Yang lain berpendapat bahwa obat tersebut efektif dalam mencegah malaria dan banyak orang lebih memilih obat tersebut karena lebih murah dan tidak perlu diminum sesering obat alternatif.
“Saya mengonsumsi mefloquine saat bepergian,” kata Dr. kata David Sullivan dari Johns Hopkins Malaria Research Institute. “Untuk 80 persen, 90 persen orang, mereka tidak punya masalah dengan itu.”
Mefloquine masih diresepkan untuk masyarakat yang bepergian dan relawan Peace Corps, yang juga telah mengurangi penggunaannya.
Larangan baru di antara unit komando ini melampaui panduan pejabat tinggi kesehatan Departemen Pertahanan, yang mengatakan penggunaan mefloquine oleh berbagai cabang militer telah dikurangi secara drastis dalam beberapa tahun terakhir, namun masih diberikan kepada pasukan yang tidak dapat menggunakan alternatif lain.

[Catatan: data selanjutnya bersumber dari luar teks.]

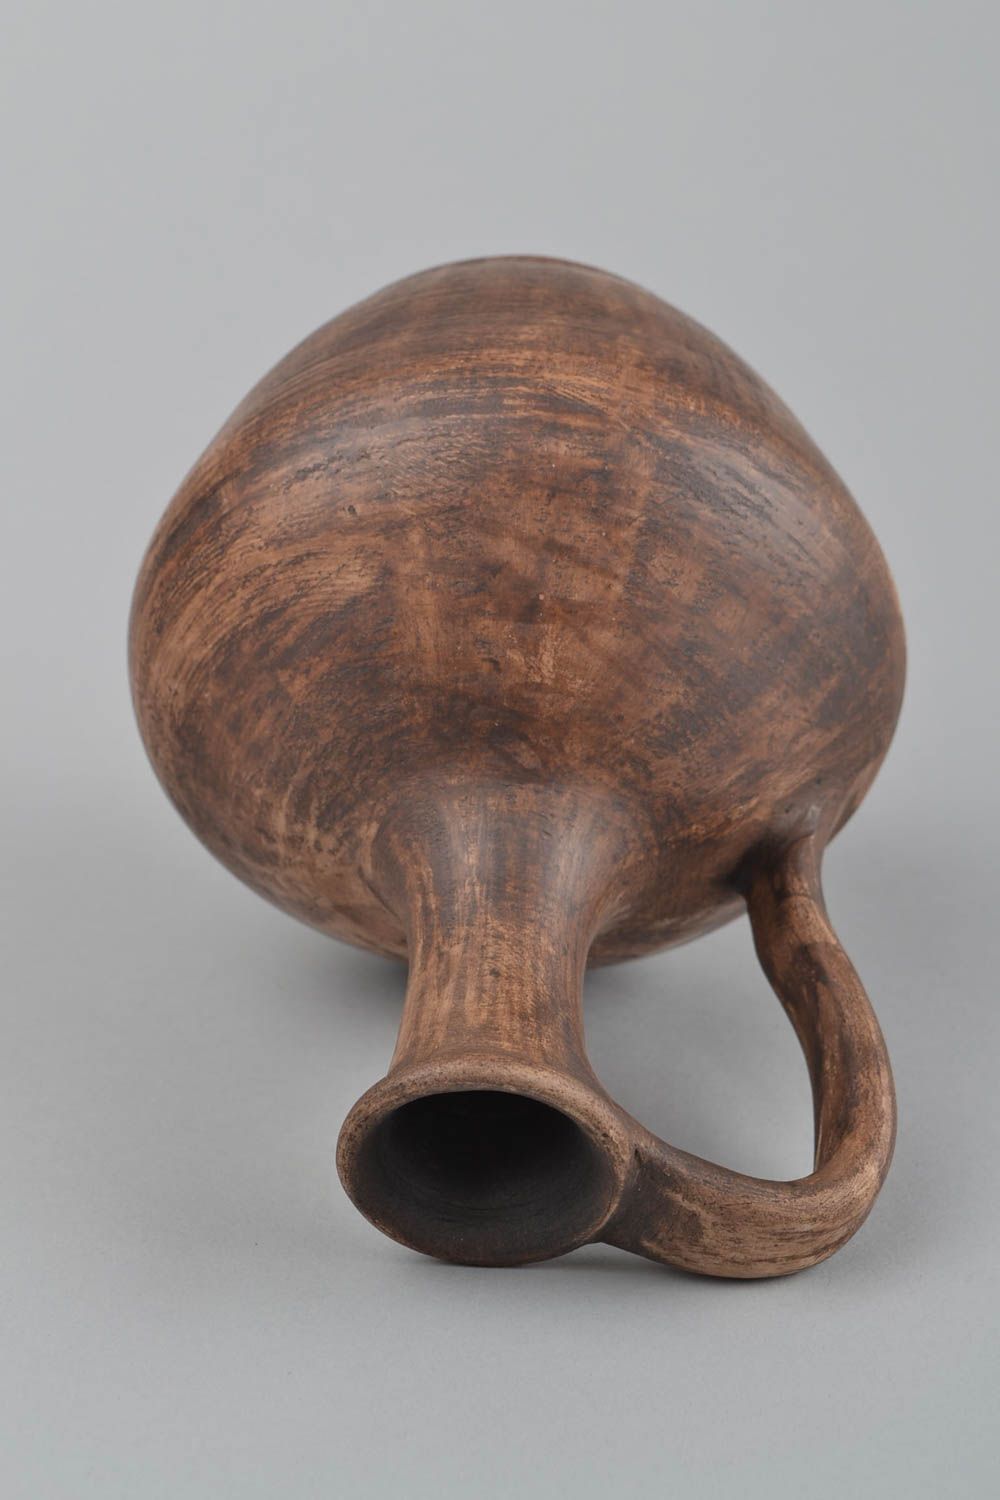 30 oz handmade ceramic wine pitcher carafe with handle 1,2 lb photo 4

Obat tersebut diberikan kepada 2.417 personel berseragam dan pertahanan sipil serta anggota keluarga dalam tujuh bulan pertama tahun ini, dibandingkan dengan lebih dari 20.000 pada tahun 2009.
Pentagon mengatakan mereka tidak memiliki data mengenai jumlah tentara yang mungkin terkena dampak buruk obat tersebut. Namun dua hari setelah pengumuman FDA, departemen tersebut memulai peninjauan “potensi efek neuropsikologis pada anggota militer yang diberi resep mefloquine,” kata Letkol. Cathy Wilkinson, juru bicara pertahanan, mengatakan.
Kajian ini diharapkan selesai pada bulan Januari.